Please retype the listing below word for word and exclude its images.

GIVEN MATERIAL ::
-=-=-
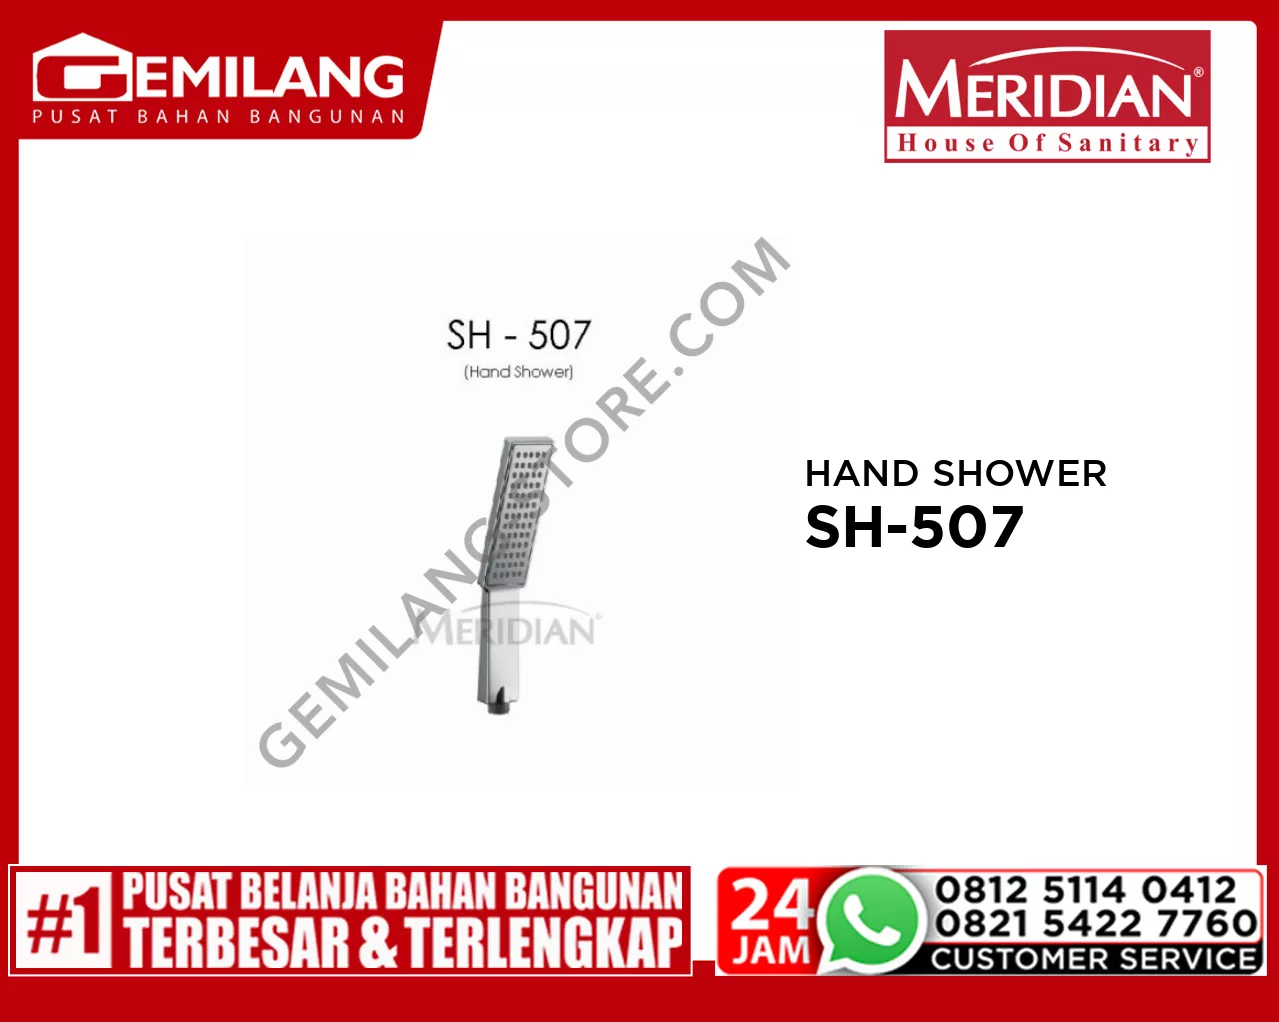 MERIDIAN HAND SHOWER SH-507
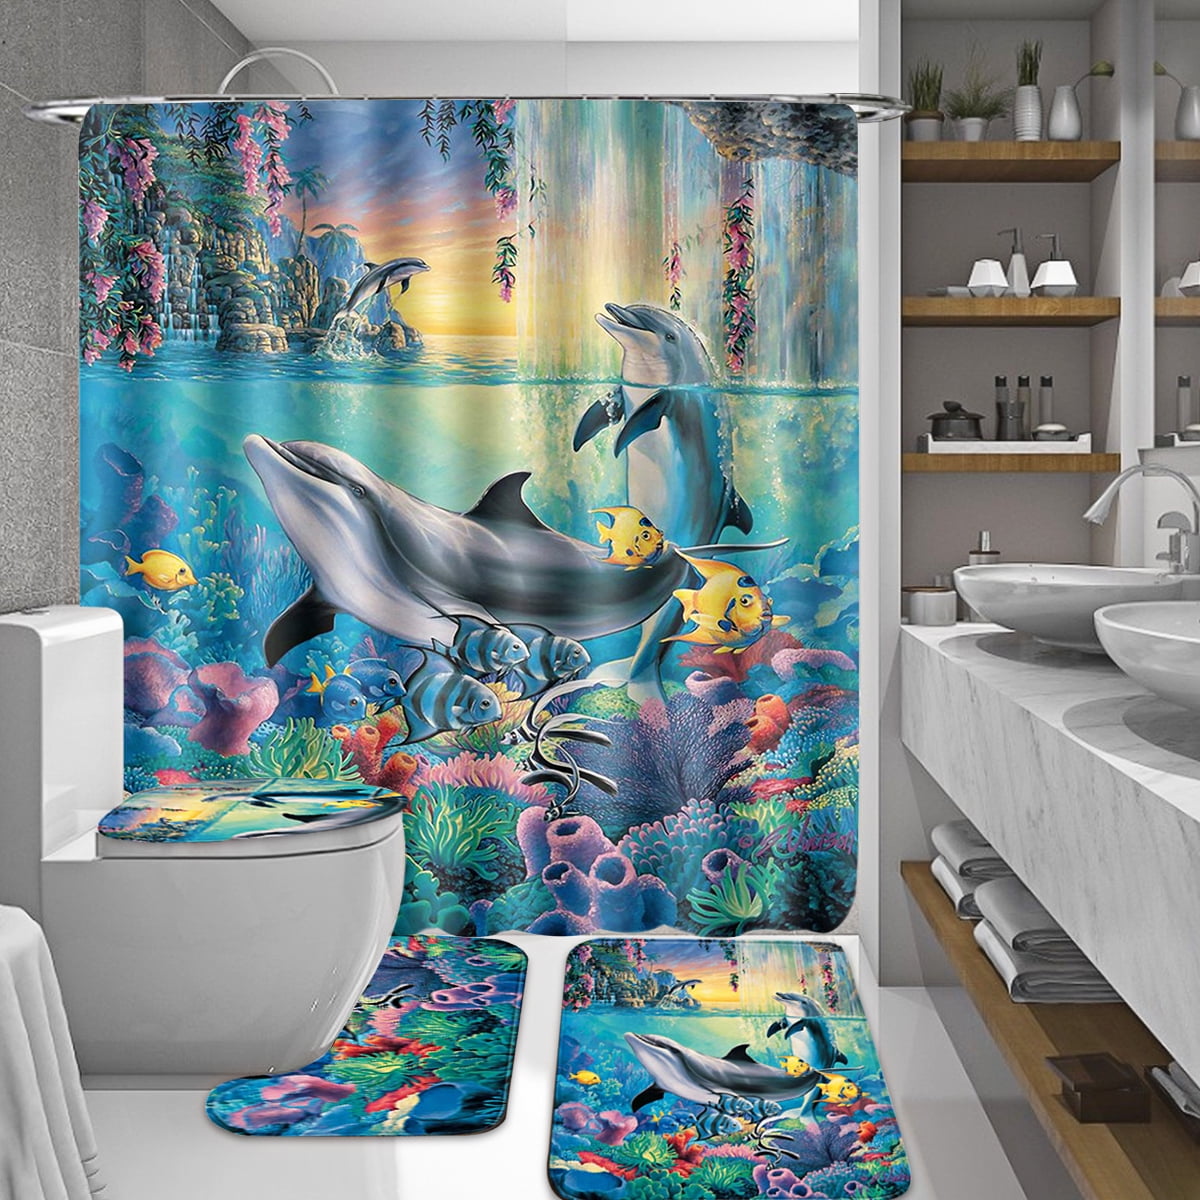 Waterproof Forest Mushroom Bathroom Shower Curtain Non-Slip Toilet Cover Mat Set 
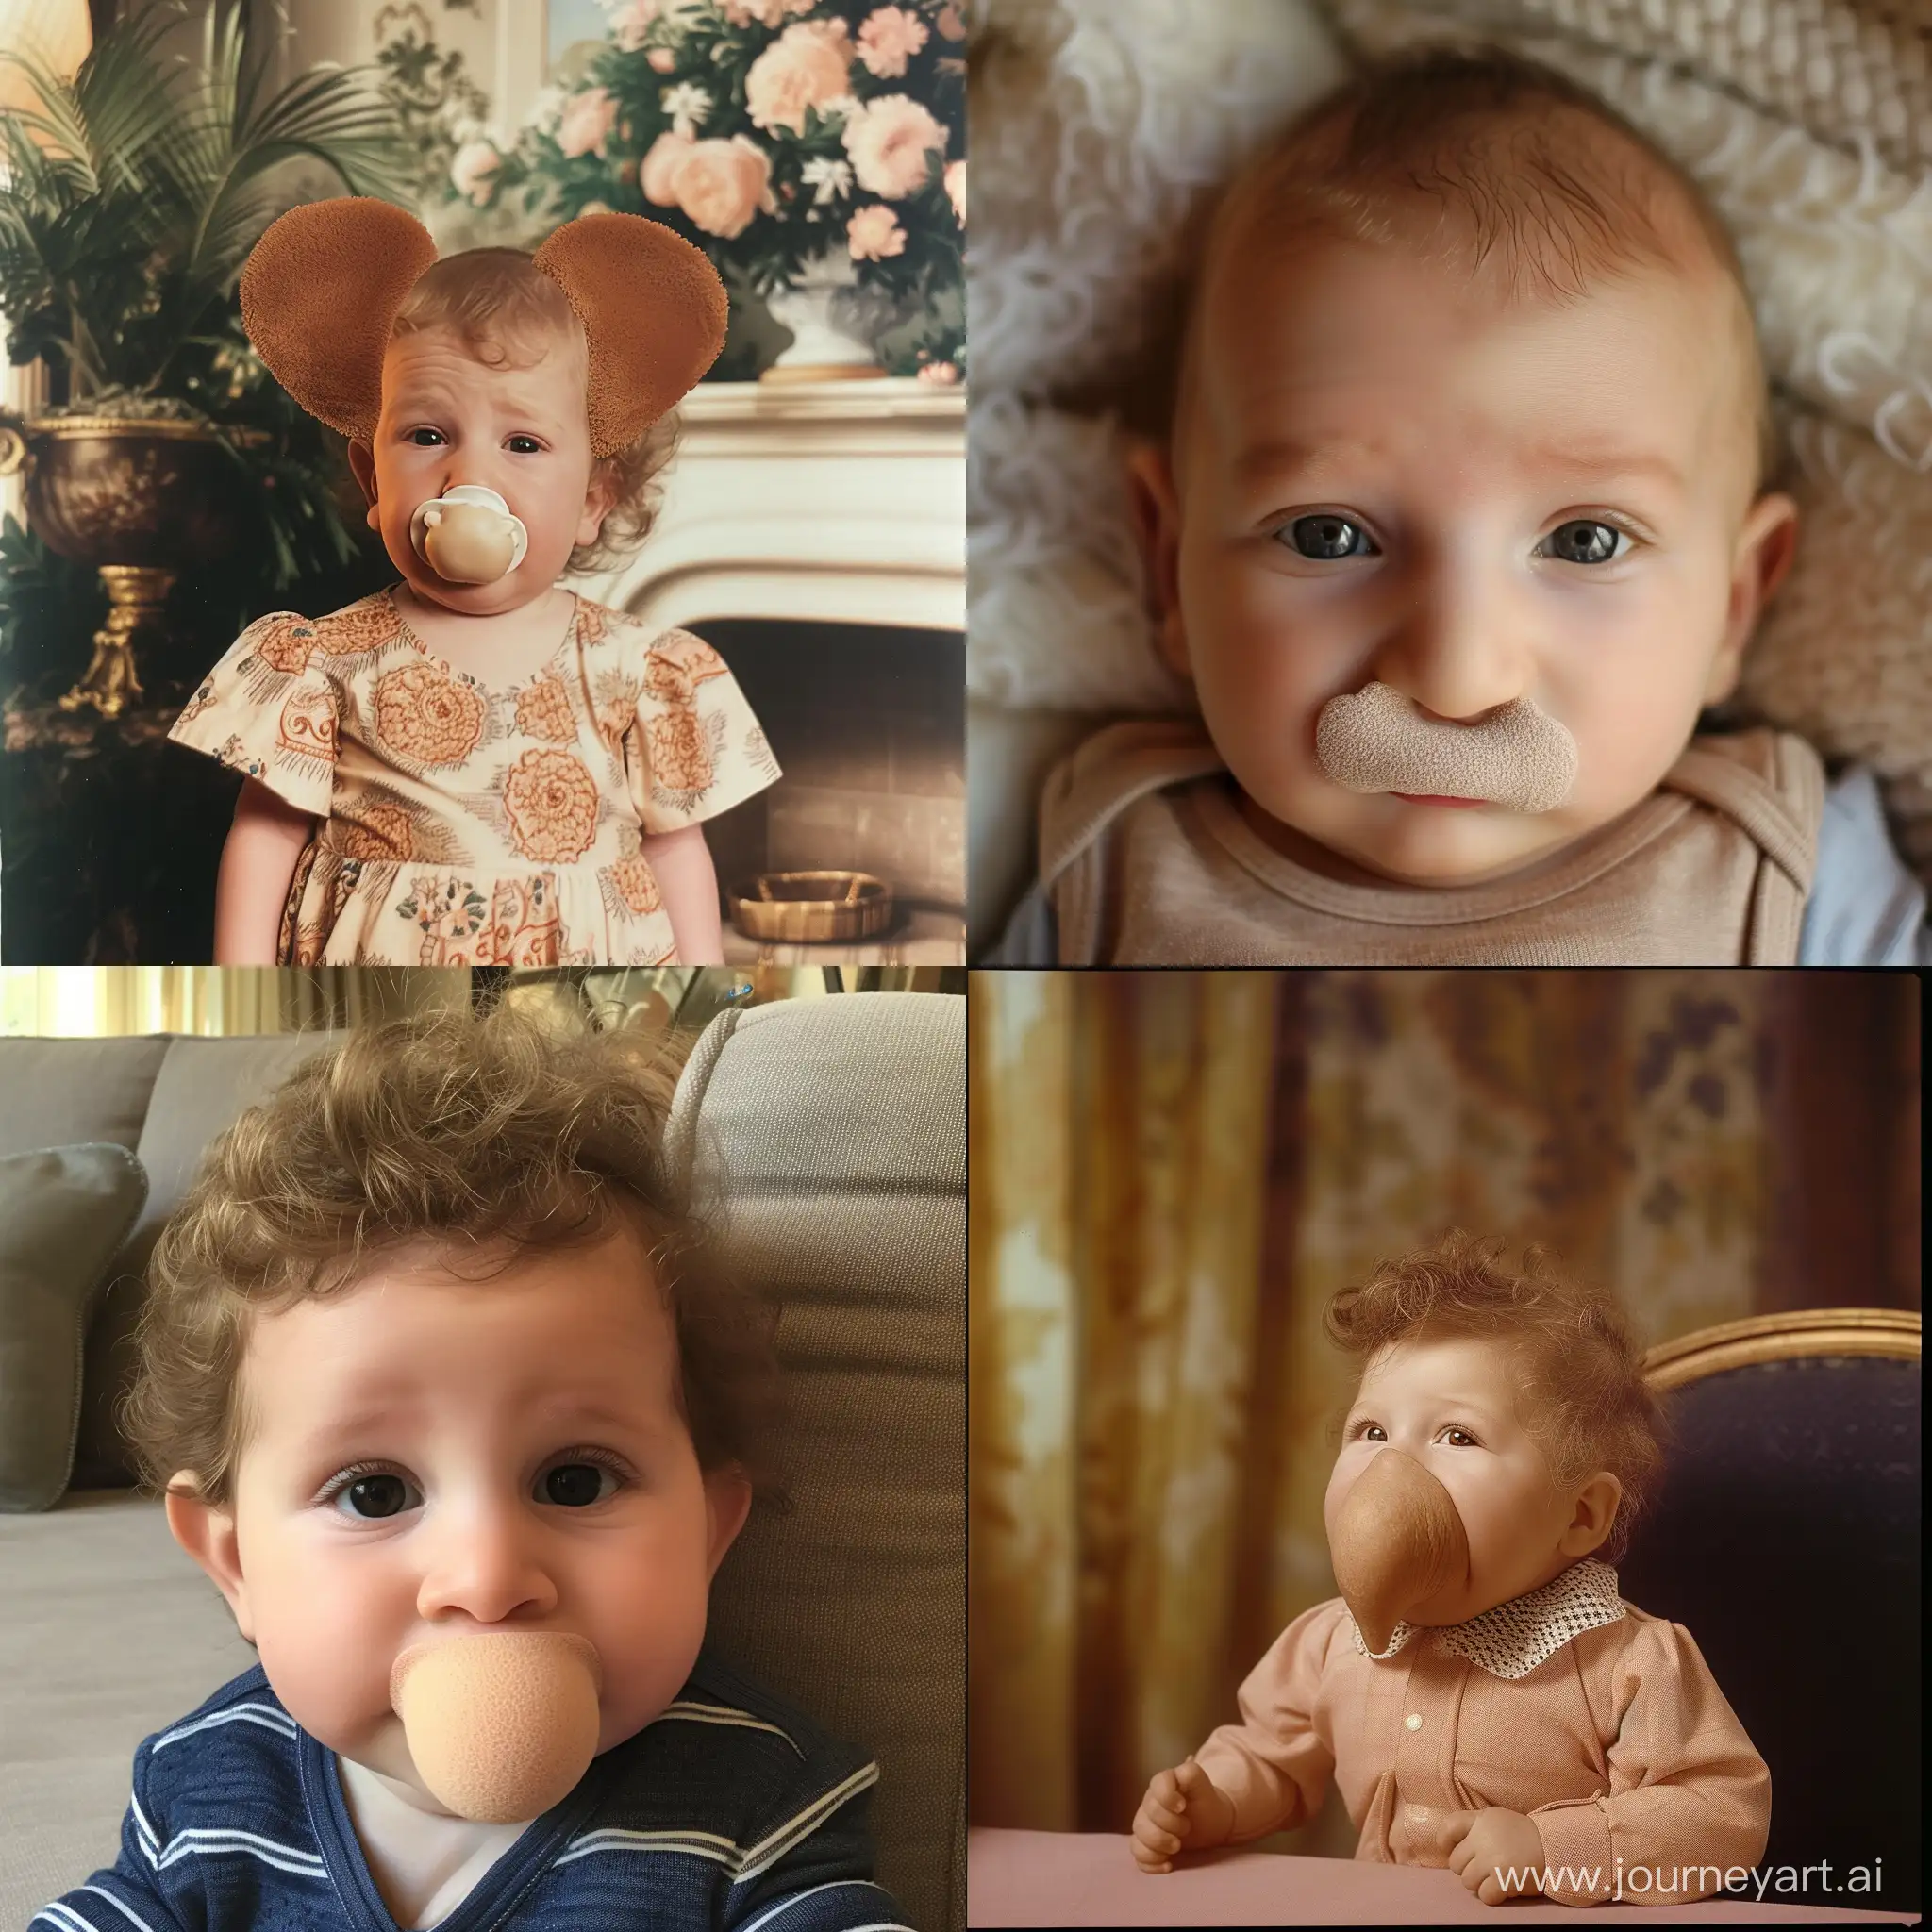 Barbra-Streisand-Baby-with-Oversized-Nose-Portrait
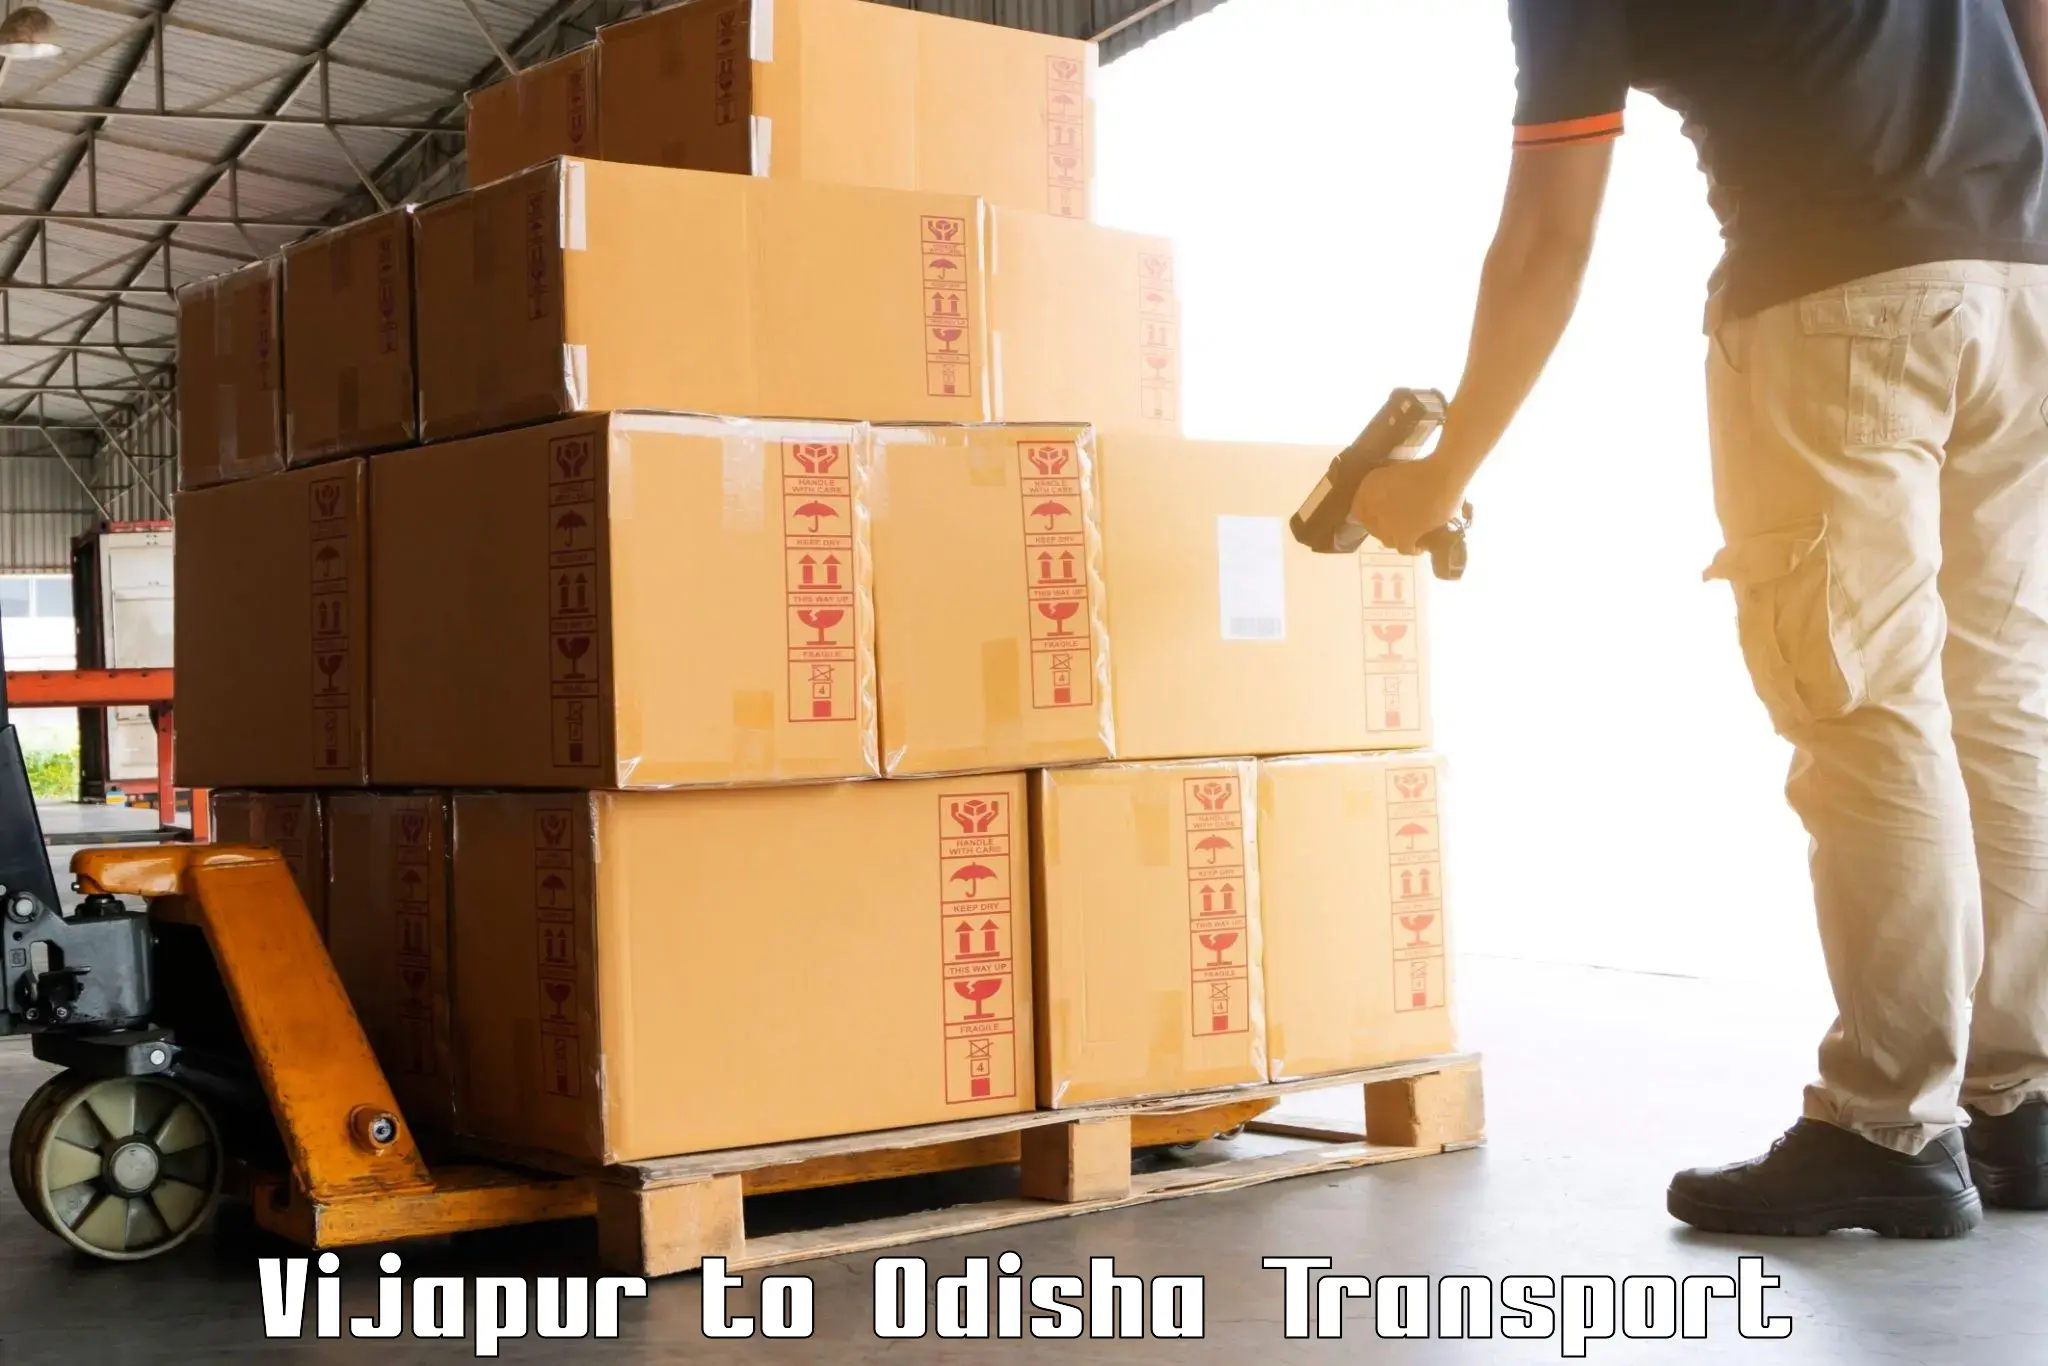 Transport in sharing Vijapur to Binka
-=-=-
PROBLEM SOLUTION ::
 MERIDIAN HAND SHOWER SH-507
 Waterproof Forest Mushroom Bathroom Shower Curtain Non-Slip Toilet Cover Mat Set 
 Barbra-Streisand-Baby-with-Oversized-Nose-Portrait
 Transport in sharing Vijapur to Binka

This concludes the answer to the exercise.